Innovative Solutions from Developers
In response to these challenges, Iaso developed a clever tool named Anubis. This proof-of-work reverse proxy solution acts as a barrier against bots while allowing genuine human users to navigate the site.
What is Anubis?
- Anubis blocks unwanted bot traffic.
- It determines if a web request comes from a human or a bot.

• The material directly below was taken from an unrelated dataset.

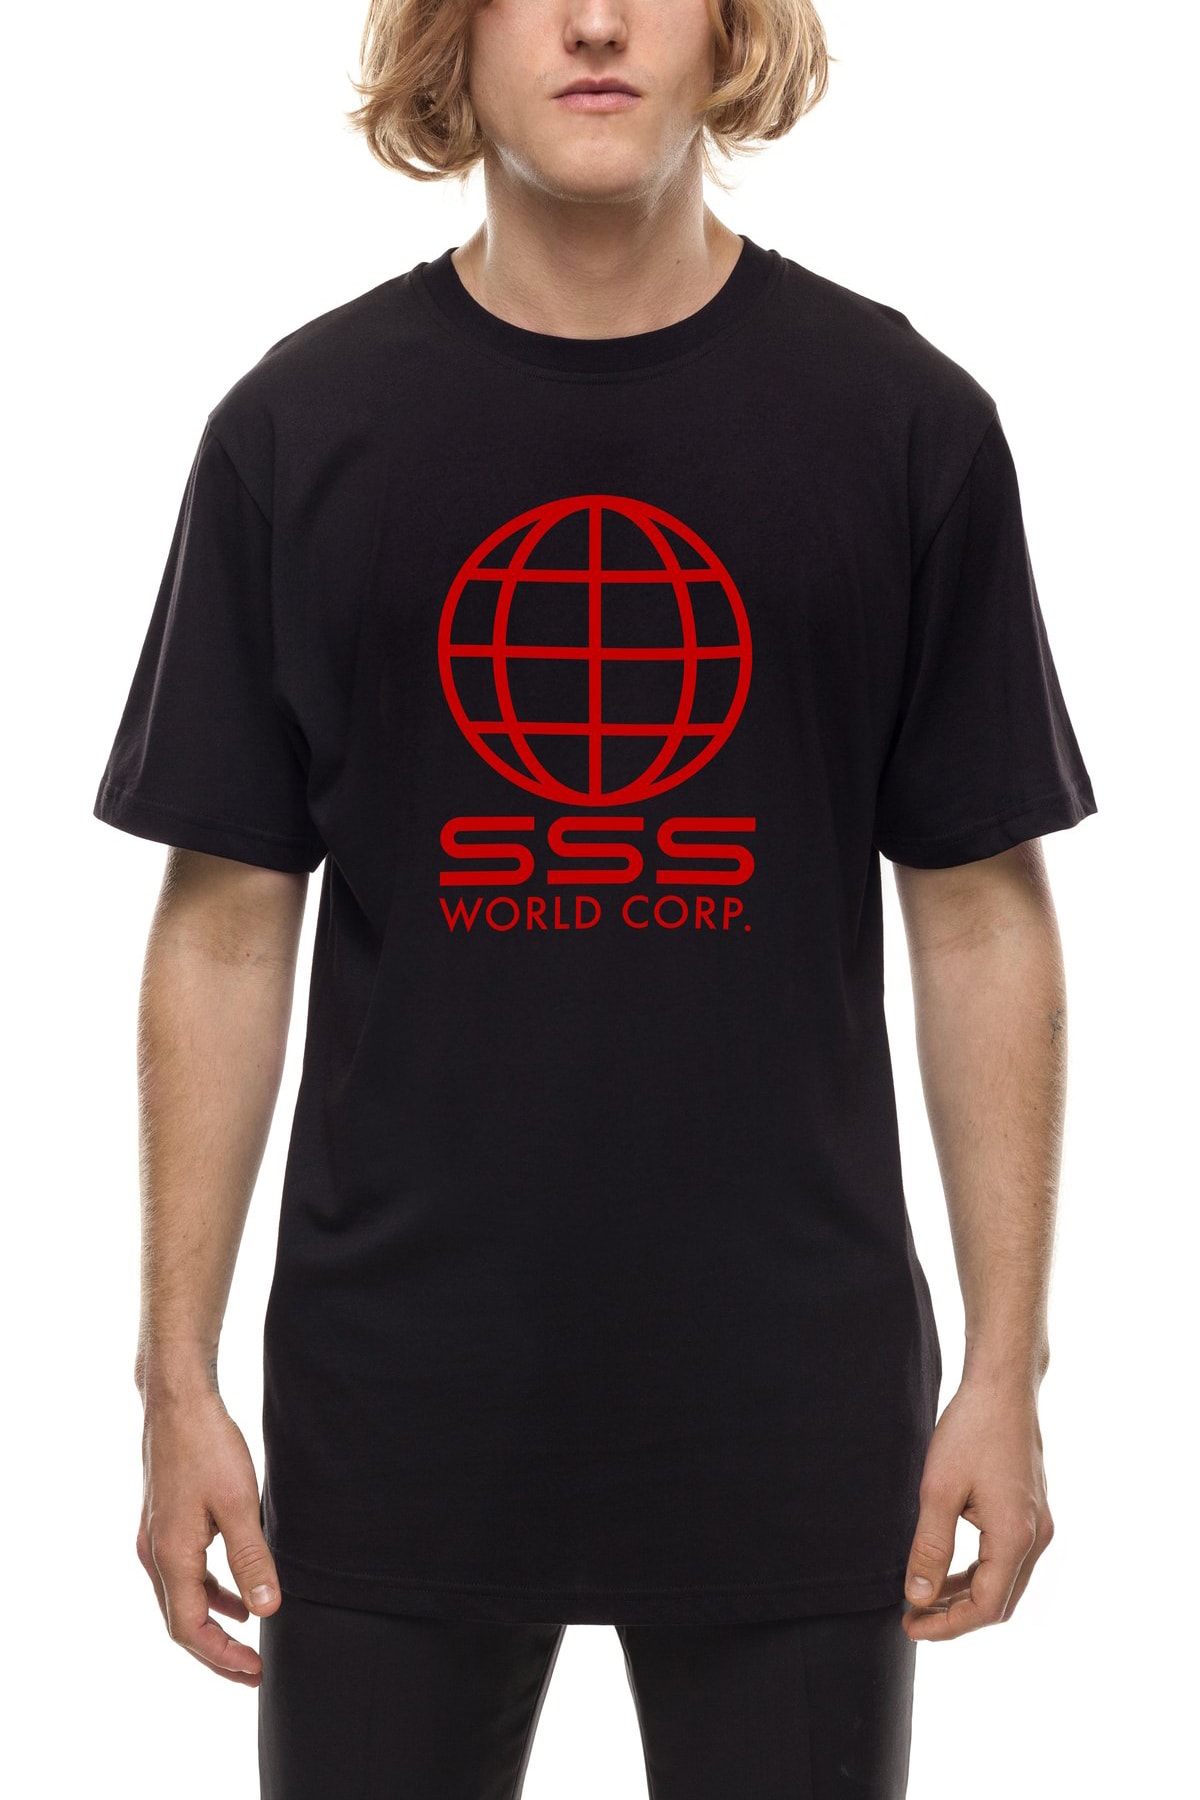 Justin O'Shea 個人品牌 SSS World Corp 登陸 032c

- Successful human requests are greeted with a whimsical anime image of Anubis, inspired by Egyptian mythology.
This tool quickly gained traction within the FOSS community, amassing 2,000 stars on GitHub shortly after its release on March 19, along with numerous contributors and forks.
Widespread Impact of Aggressive Crawlers
The swift popularity of Anubis highlights the common struggle among developers. Venerandi shared several accounts from the FOSS community:
- Drew DeVault, founder of SourceHut, revealed that he spends a significant portion of his time dealing with aggressive AI crawlers, often leading to frequent outages.
- Jonathan Corbet, a well-known FOSS developer and operator of LWN, reported that his site suffers from DDoS-level traffic due to AI scraper bots.
- Kevin Fenzi, the sysadmin for the Fedora project, had to block all traffic from Brazil in response to the aggressive behaviors of these bots.
Creative Defenses Against Bots
Some developers have taken a more humorous approach to combatting these bots. Suggestions have been made to fill restricted pages with absurd content to deter crawlers. For example, a user on Hacker News recommended loading blocked pages with misleading articles.
In January, an anonymous developer known as Aaron released Nepenthes, a tool designed to ensnare crawlers in an endless loop of fake content. This tool is named after a carnivorous plant and aims to confuse bots.
Furthermore, Cloudflare, a leading provider of web security services, introduced a similar tool called AI Labyrinth to slow down and mislead AI crawlers that do not adhere to “no crawl” directives, ensuring they waste their resources.
A Call for Action
As developers continue to grapple with the challenges posed by AI crawlers, many are calling for a more sustainable solution. Drew DeVault expressed a heartfelt plea for the community to reconsider the use and promotion of AI technologies that contribute to these issues. “Please stop legitimizing LLMs or AI image generators,” he implored.
While the likelihood of such a shift remains slim, the creative and humorous responses from developers offer hope and a sense of solidarity in facing these challenges.